Au moment où les esprits sont taraudés par le passage à témoin de l’administration d’Issoufou à la prochaine mandature, certains responsables se donnent un malin plaisir de vouloir assurer leurs arrières en plaçant leurs amis, parents et connaissances à des postes de responsabilité. C’est présentement le cas dans un ministère du secteur de l’éducation, si on n’y prend garde.

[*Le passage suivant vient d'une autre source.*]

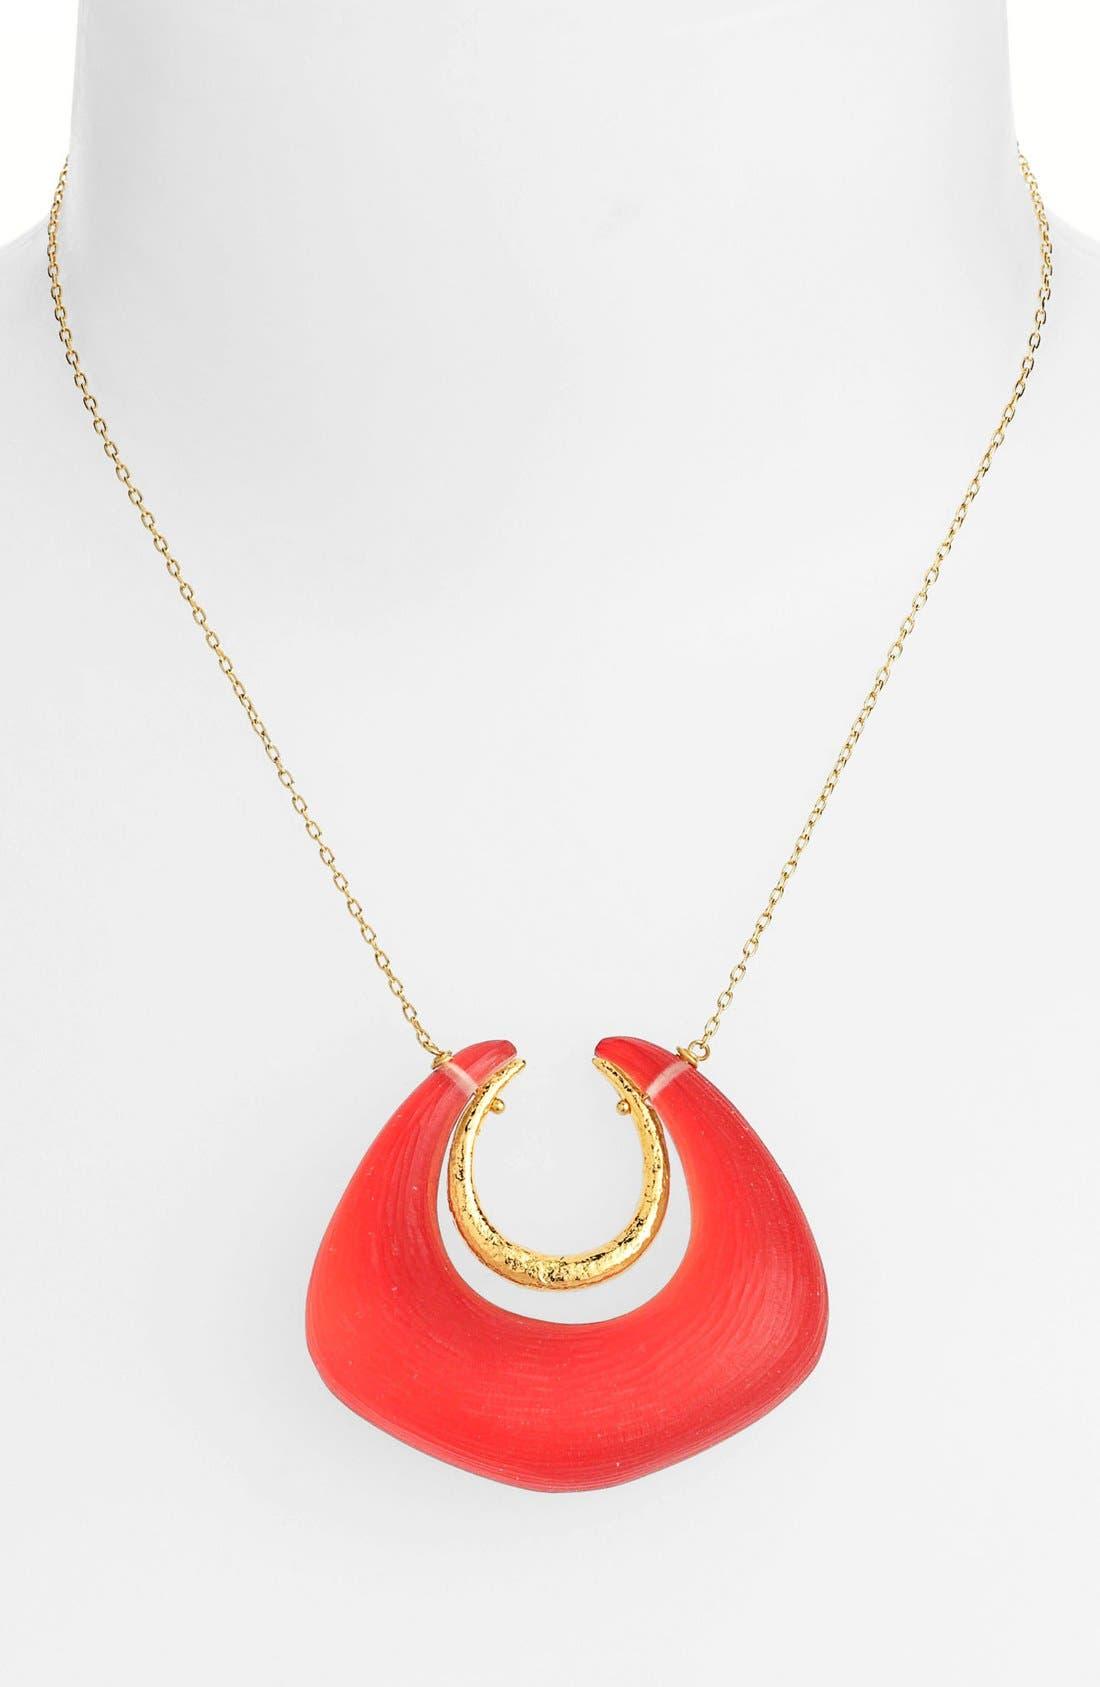 Main Image - Alexis Bittar 'Lucite®' Angled Horseshoe Pendant Necklace

Cette mauvaise pratique doit être dénoncée et combattue par les plus autorités en place.

Des sources bien informées, un nouveau ministre du secteur de l’éducation aurait instruit ses directeurs à procéder à des affections à l’échelle nationale dans le simple but de placer ses ouailles.  A la sortie de cette insolite réunion, les directeurs étaient très déçus de la décision du ministre qu’ils estiment inopportune et clientéliste de la part du ministre.

En effet, vouloir engager une vaste mutation dans le secteur de l’éducation en janvier dans ce contexte de la pandémie de la Covid et électoral parait très suspect et contreproductif aux yeux des responsables techniques de ce ministère.

D’aucuns se demandent pourquoi ce ministre est si pressé de troubler le système éducatif juste pour placer ses amis, parents et connaissances ? Dans le contexte actuel, le bon sens aurait voulu que les ministres en place suspendent les nominations et autres promotions sauf cas de force de majeure.

Et à notre humble avis, il appartient aux plus hautes autorités du pays de freiner cette ardeur ou disons ces mauvaises pratiques qui consistent à perturber l’administration publique avec une visée purement clientéliste.

Il faudrait laisser à la nouvelle administration le soin de redynamiser le système selon sa vision et les réformes envisagées pour booster la performance du secteur.

Ces mauvaises pratiques visant à instrumentaliser l’administration doivent être combattues avec la dernière énergie. En effet, le fait que chaque ministre doit changer les cadres même lorsqu’ils sont valeureux nuit beaucoup à l’administration. L’état c’est une continuité mais que vaut une continuité sans rationalité ?

Si chaque ministre doit placer simplement ses amis, parents et amis c’est la voie la plus sûre pour appauvrir l’administration. Et ce mal ne date pas d’aujourd’hui. On en parle mais dans la réalité, nous sommes encore très loin du principe selon lequel il faut mettre l’homme qu’il faut à la place qu’il faut. Il parait que cela a perdre et fait perdre des financements pour le Niger.

C’est en cela justement qu’il faut dénoncer le clientélisme politique exacerbé par la pléthore des partis politiques. La tendance voudrait que mêmes les cadres compétents se réduisent à des simples courtisans pour espérer faire carrière. Il est évident que dans ce contexte la carte d’un parti politique a plus de valeur qu’un diplôme quel que soit le grade auquel il donne droit. Le monde à l’envers.

Avec un tel état d’esprit comment inverser la tendance à la médiocrité dans l’administration publique ?  Comment surtout asseoir une bonne gouvernance dans le pays ? Comment peut-on relever les défis qui tirent le Niger vers le bas dans le classement de l’Indice du développement humain ?  C’est dire simplement que le Haut-commissariat pour la réforme de l’administration a du pain sur la planche.